▶ [Task to carry out] Retype the data below verbatim; pictures do not belong in the copy.

▶ [Data shown]
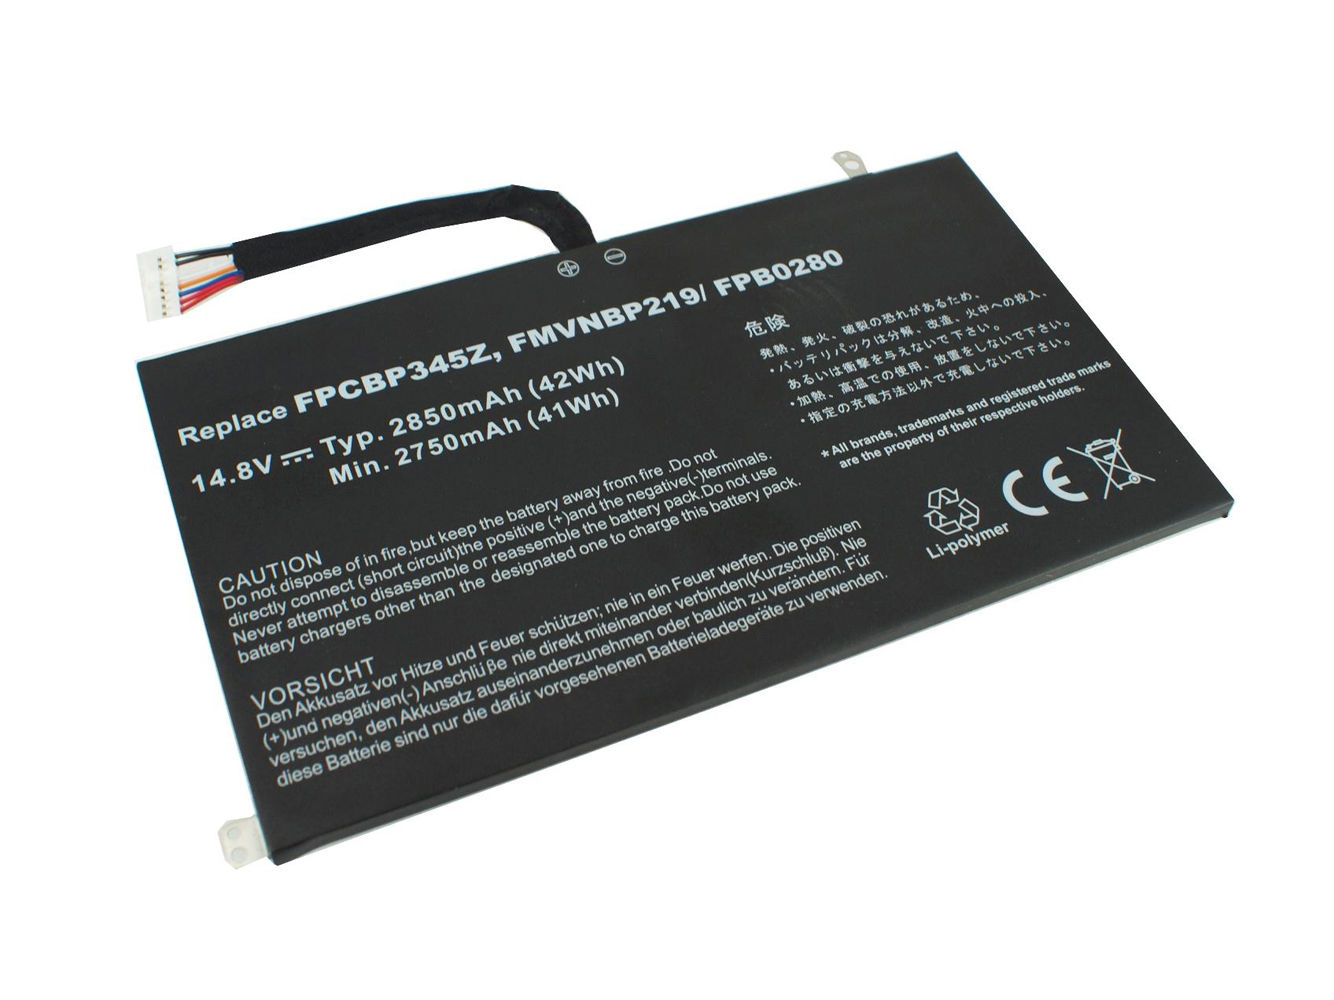 Bateria para 2850mAh Fujitsu UH572 FMVNBP219 FPB0280 FPCBP345Z
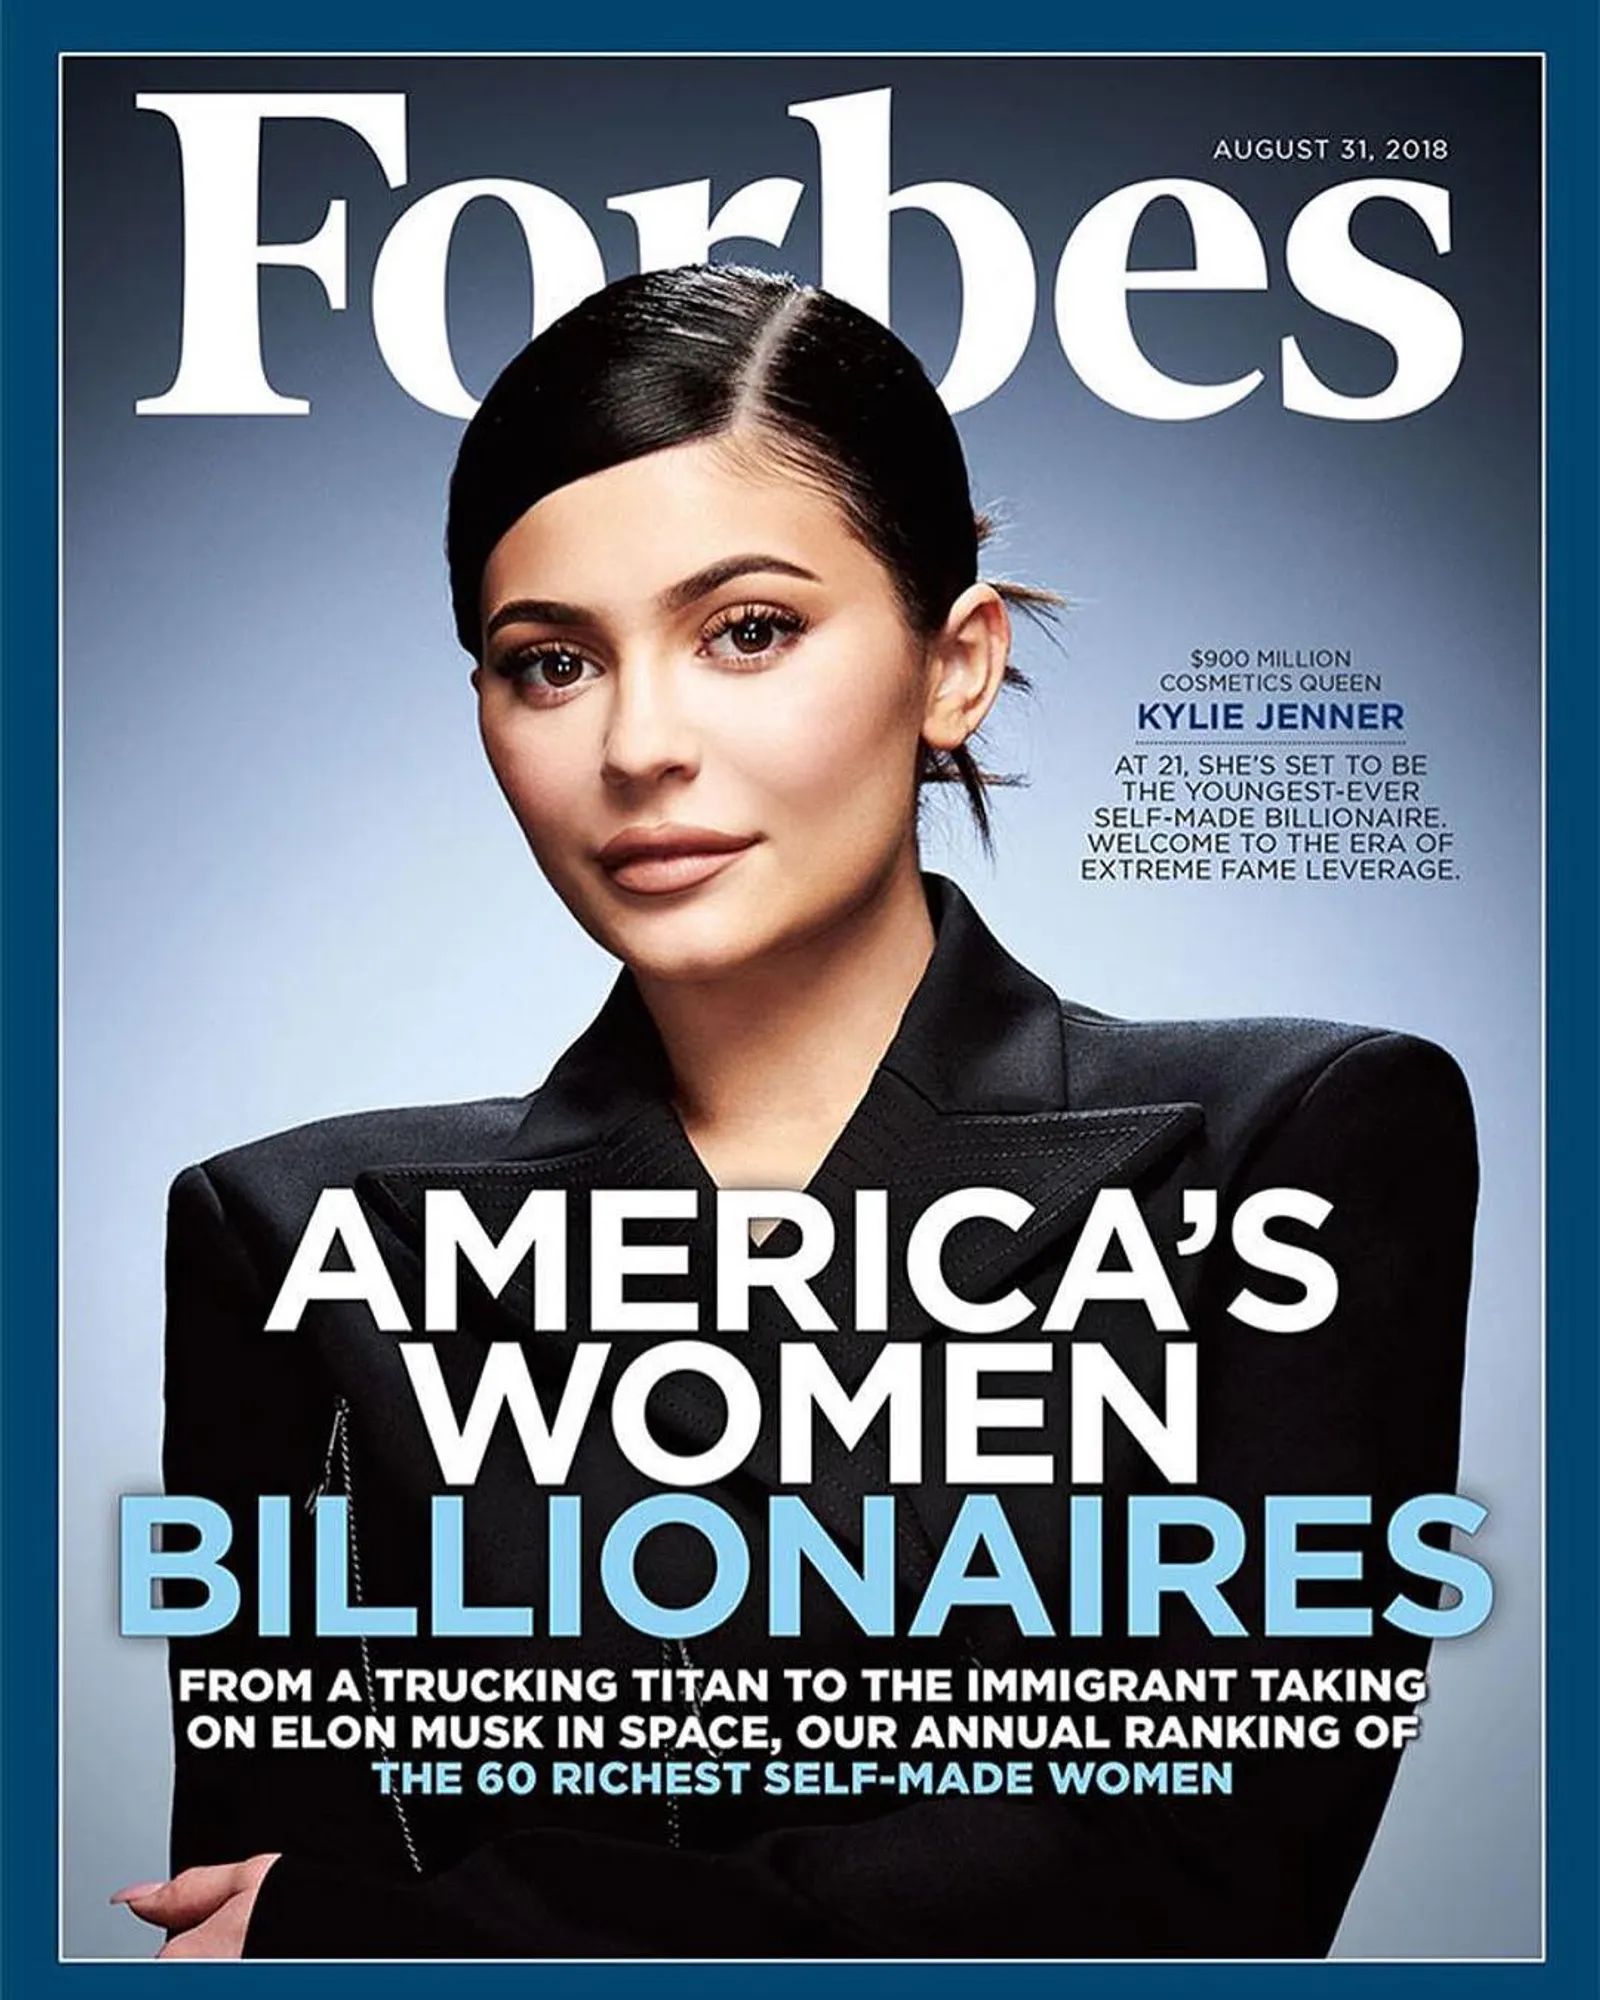 Manipulasi Jumlah Kekayaan, Forbes Cabut Gelar Miliarder Kylie Jenner?
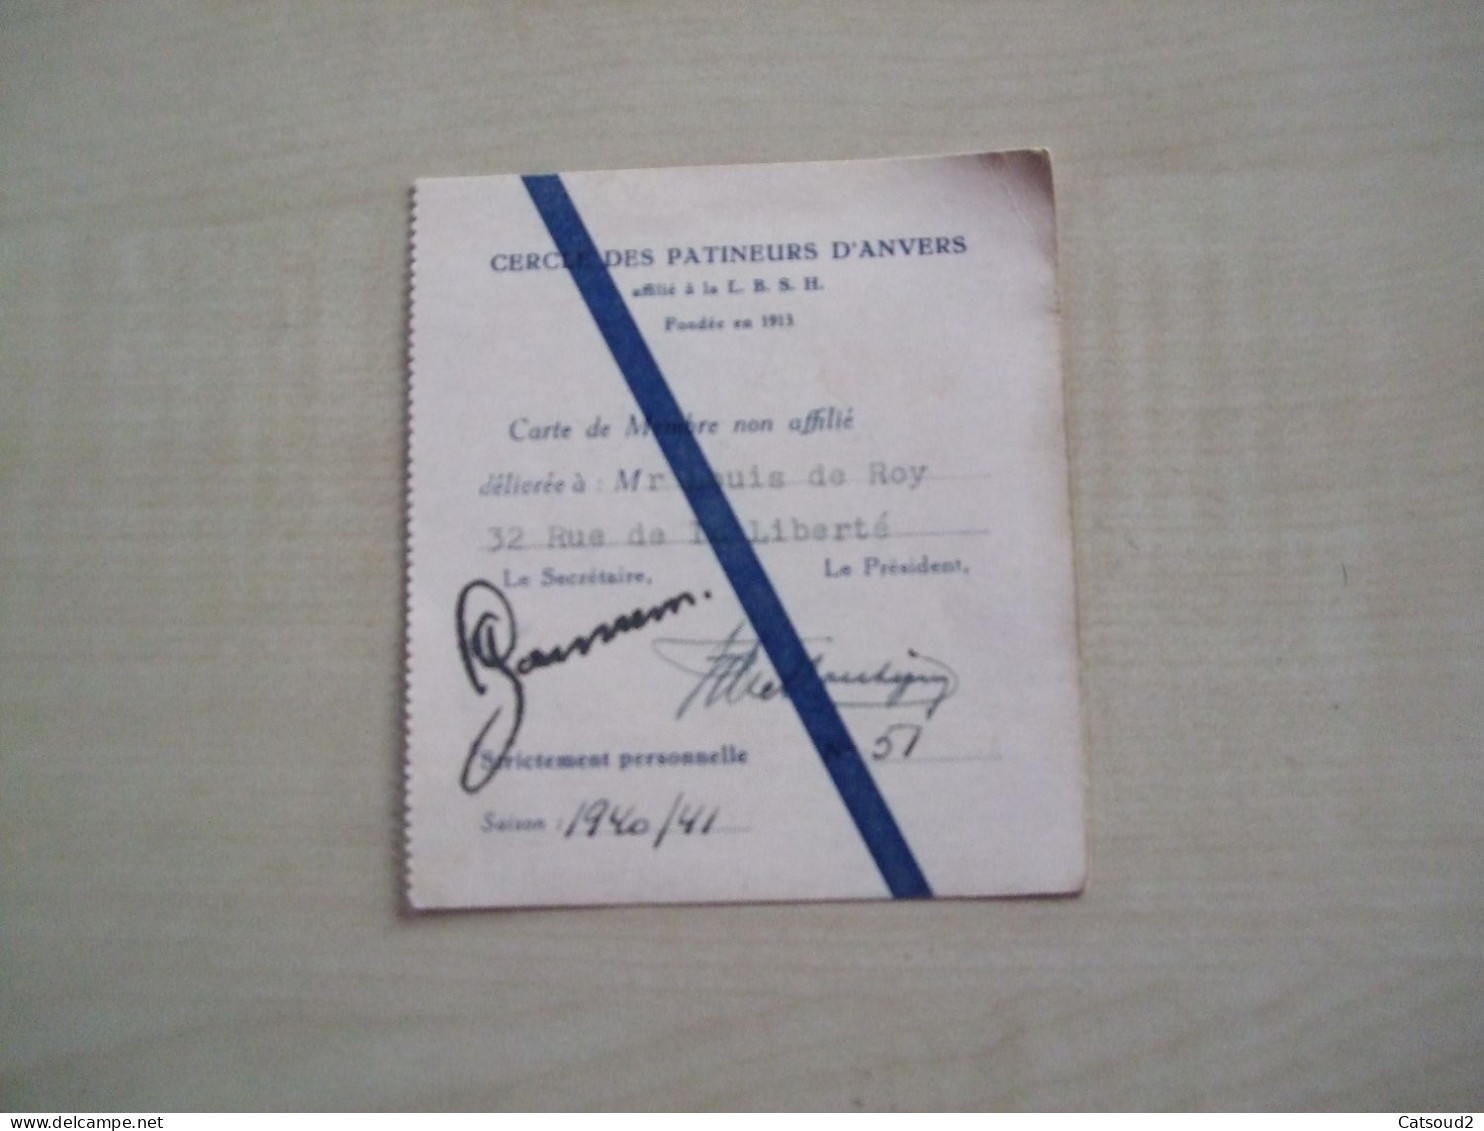 Carte De Membre Ancienne 1940/41 CERCLE DES PATINEURS D'ANVERS - Tessere Associative

▶ [Reply]
 Bateria para 2850mAh Fujitsu UH572 FMVNBP219 FPB0280 FPCBP345Z
 Manipulasi Jumlah Kekayaan, Forbes Cabut Gelar Miliarder Kylie Jenner?
 Carte De Membre Ancienne 1940/41 CERCLE DES PATINEURS D'ANVERS - Tessere Associative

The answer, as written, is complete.